> [WHAT THE TASK ASKS] Once the line containing "Raion Power RG128-32HR" is reached in the listing below, reproduce it and all later lines through the final one exactly, but omit any pictures.
********
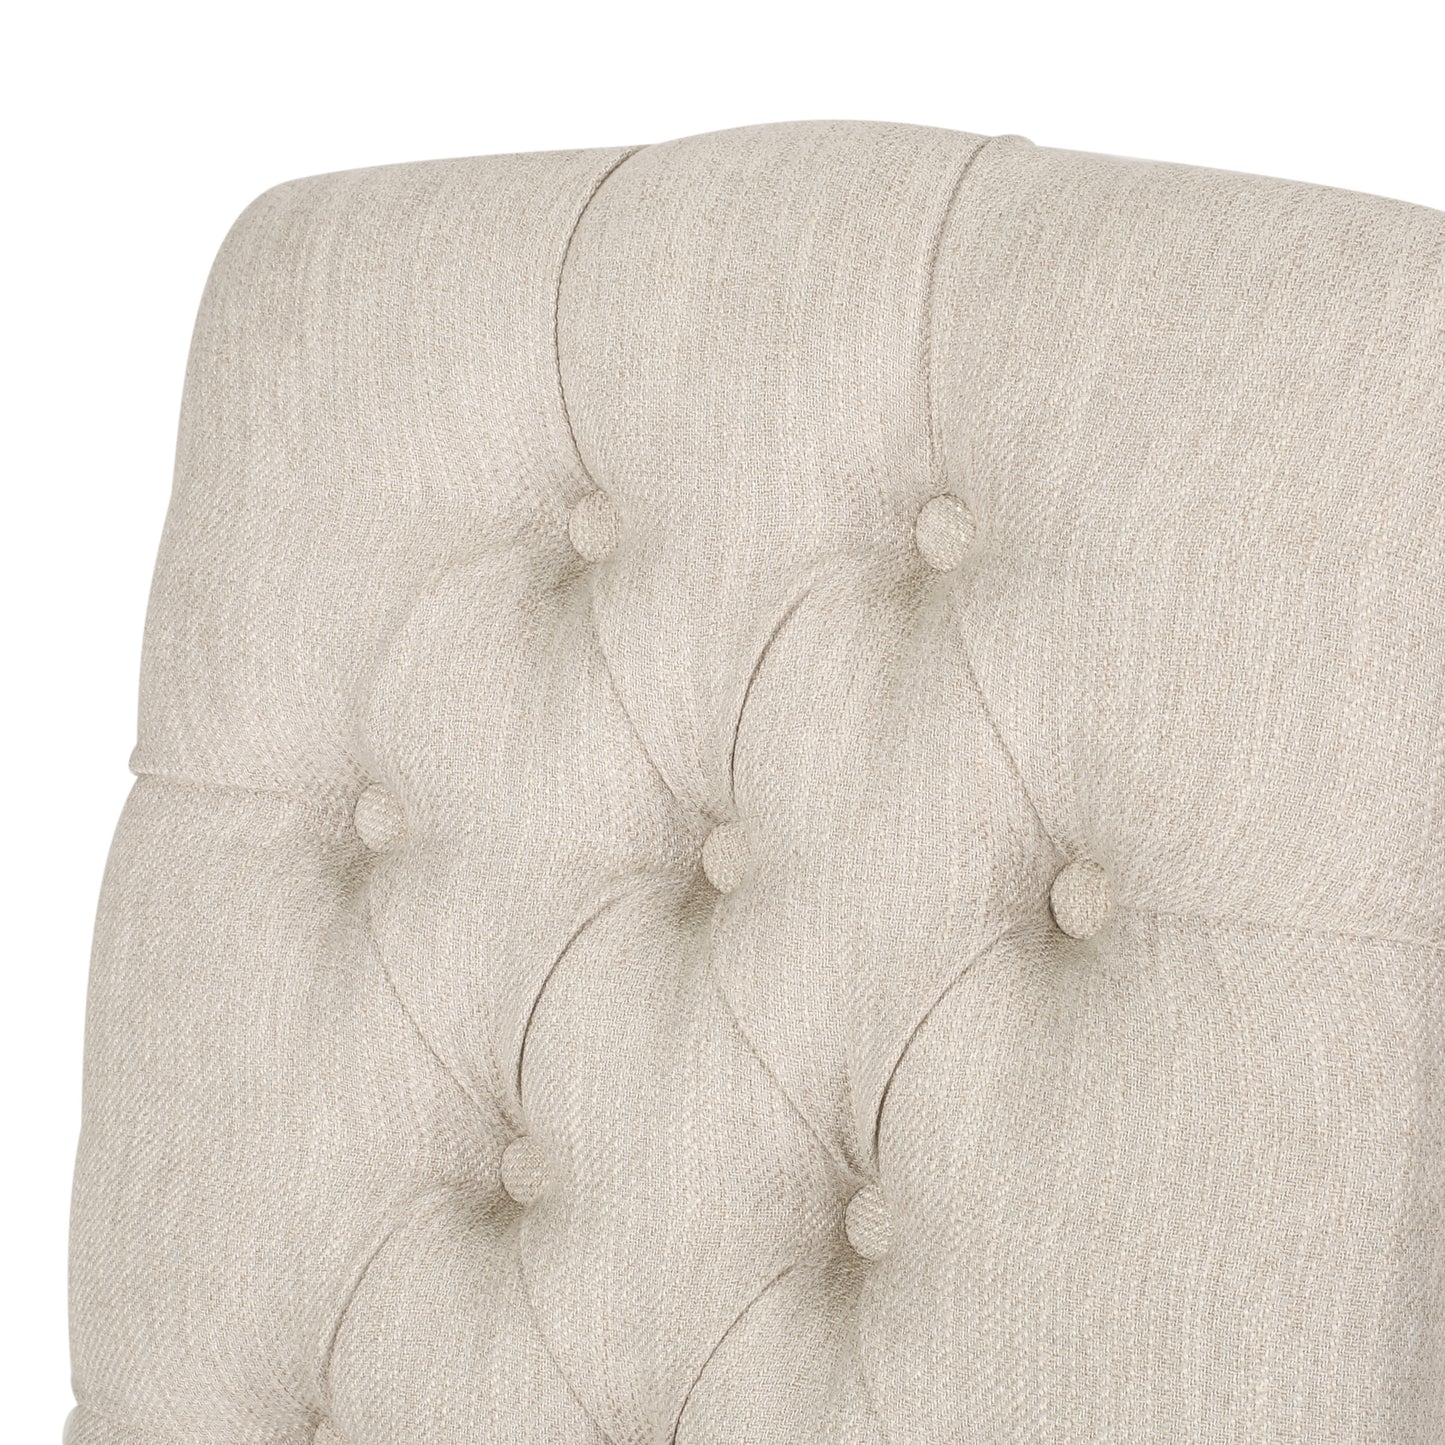 Frances Contemporary Fabric Tufted Dining Chairs with Nailhead Trim, Set of 2
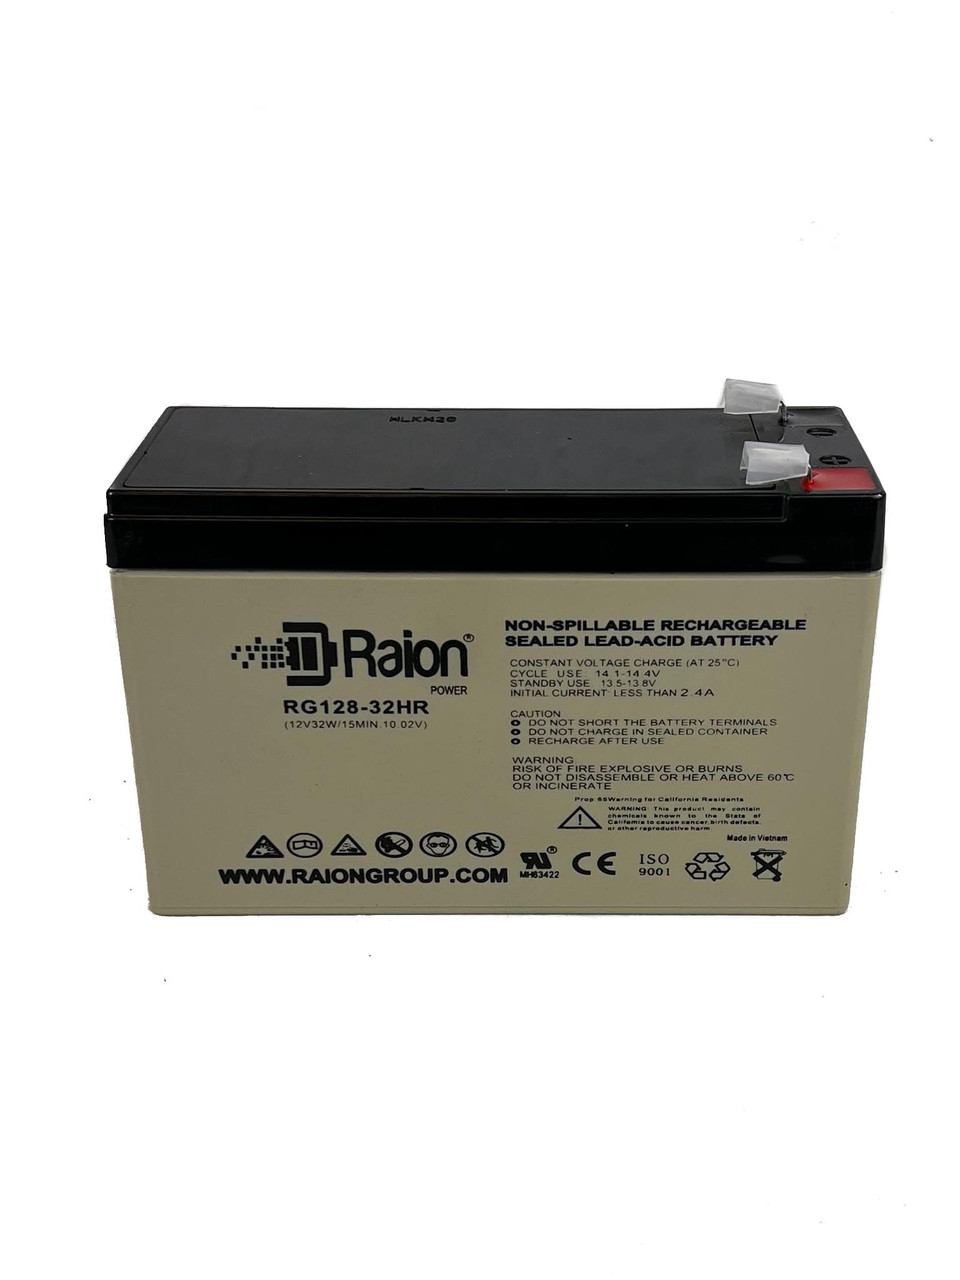 Raion Power RG128-32HR Replacement High Rate Battery Cartridge for Ultra 850 VA 425 WATTS Backup UPS
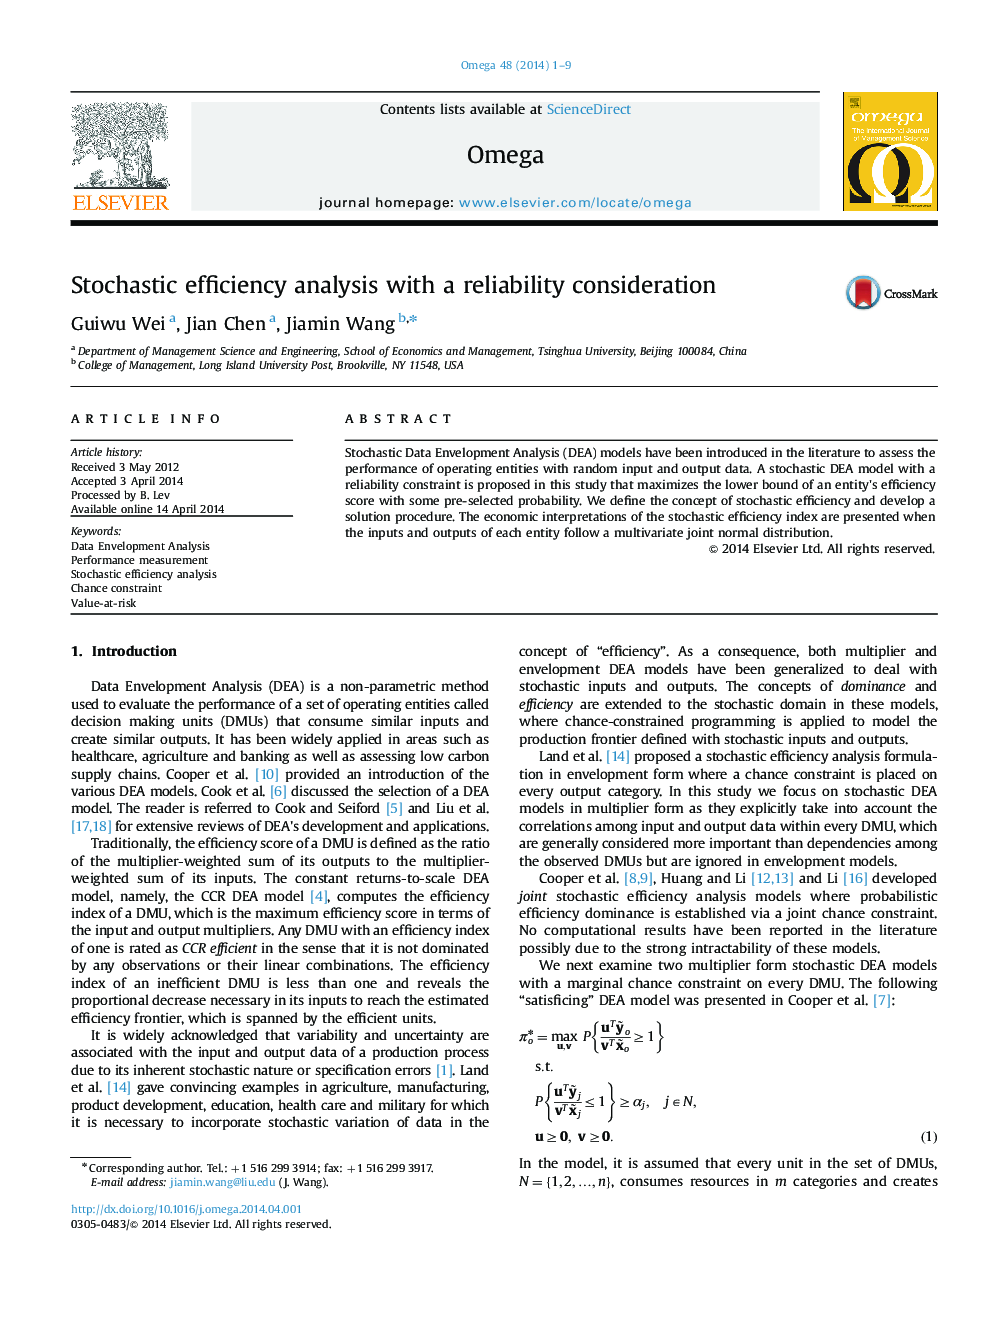 Stochastic efficiency analysis with a reliability consideration
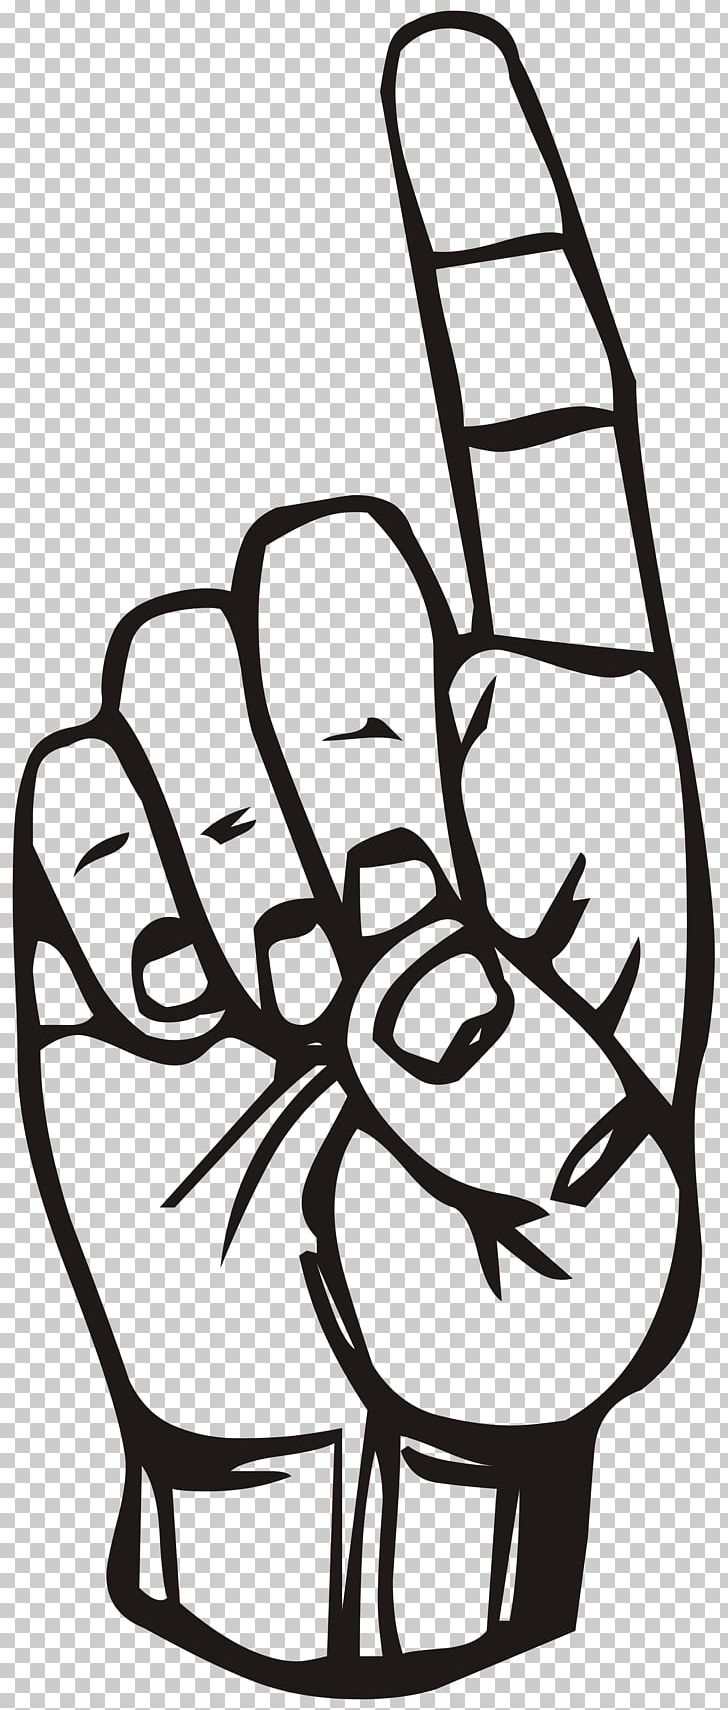 American Sign Language Fingerspelling Baby Sign Language PNG, Clipart, American Sign Language, Arm, Baby Sign Language, Black, Black And White Free PNG Download
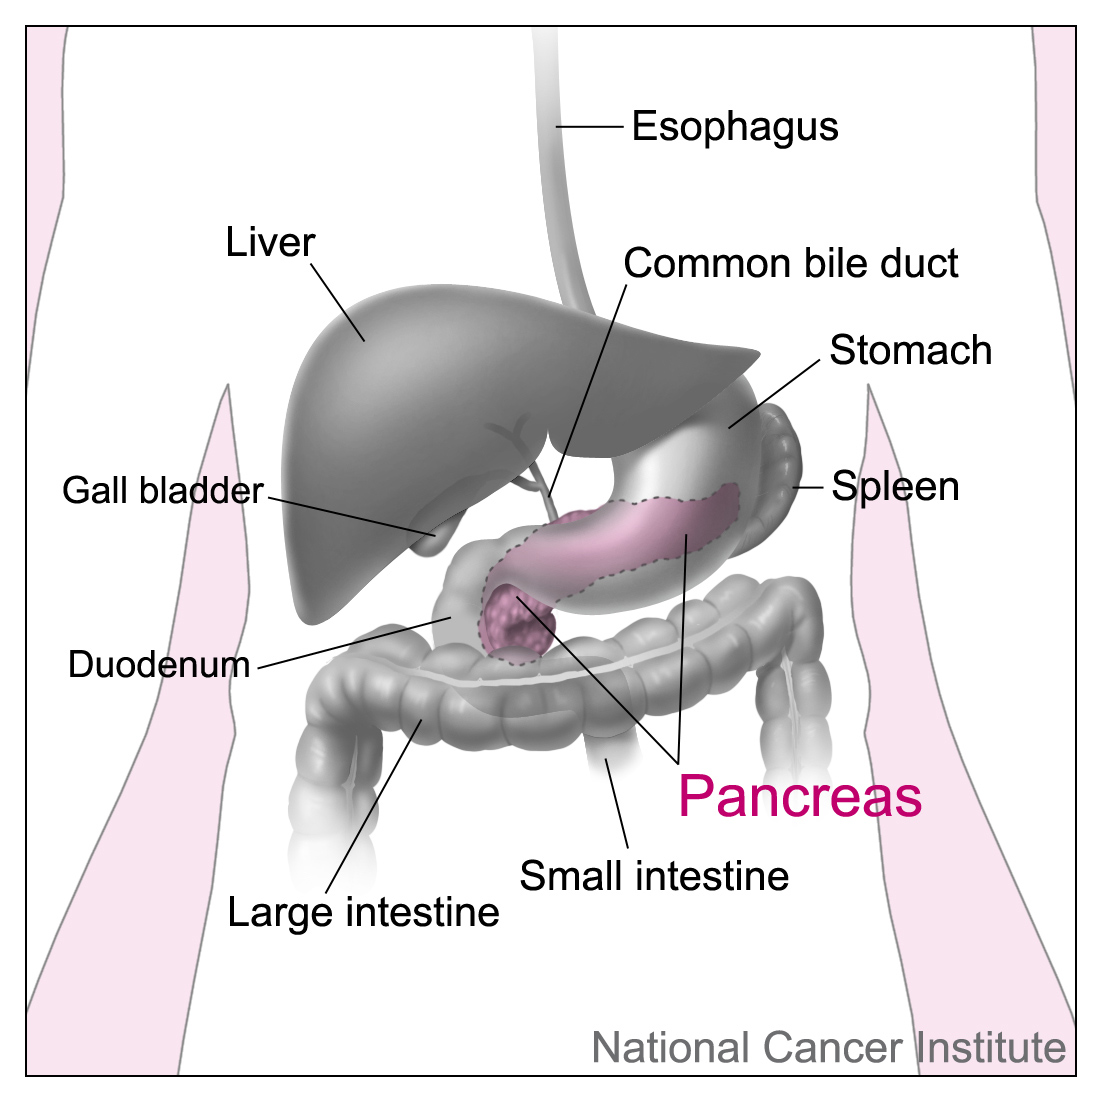 anatomy of the pancreas and surrounding organs - diagram used to illustrate diagnosing pancreatic cancer with endoscopic ultrasound (EUS)
********
> [SOLUTION BELOW]
 Raion Power RG128-32HR Replacement High Rate Battery Cartridge for Ultra 850 VA 425 WATTS Backup UPS
 Stochastic efficiency analysis with a reliability consideration
 American Sign Language Fingerspelling Baby Sign Language PNG, Clipart, American Sign Language, Arm, Baby Sign Language, Black, Black And White Free PNG Download
 anatomy of the pancreas and surrounding organs - diagram used to illustrate diagnosing pancreatic cancer with endoscopic ultrasound (EUS)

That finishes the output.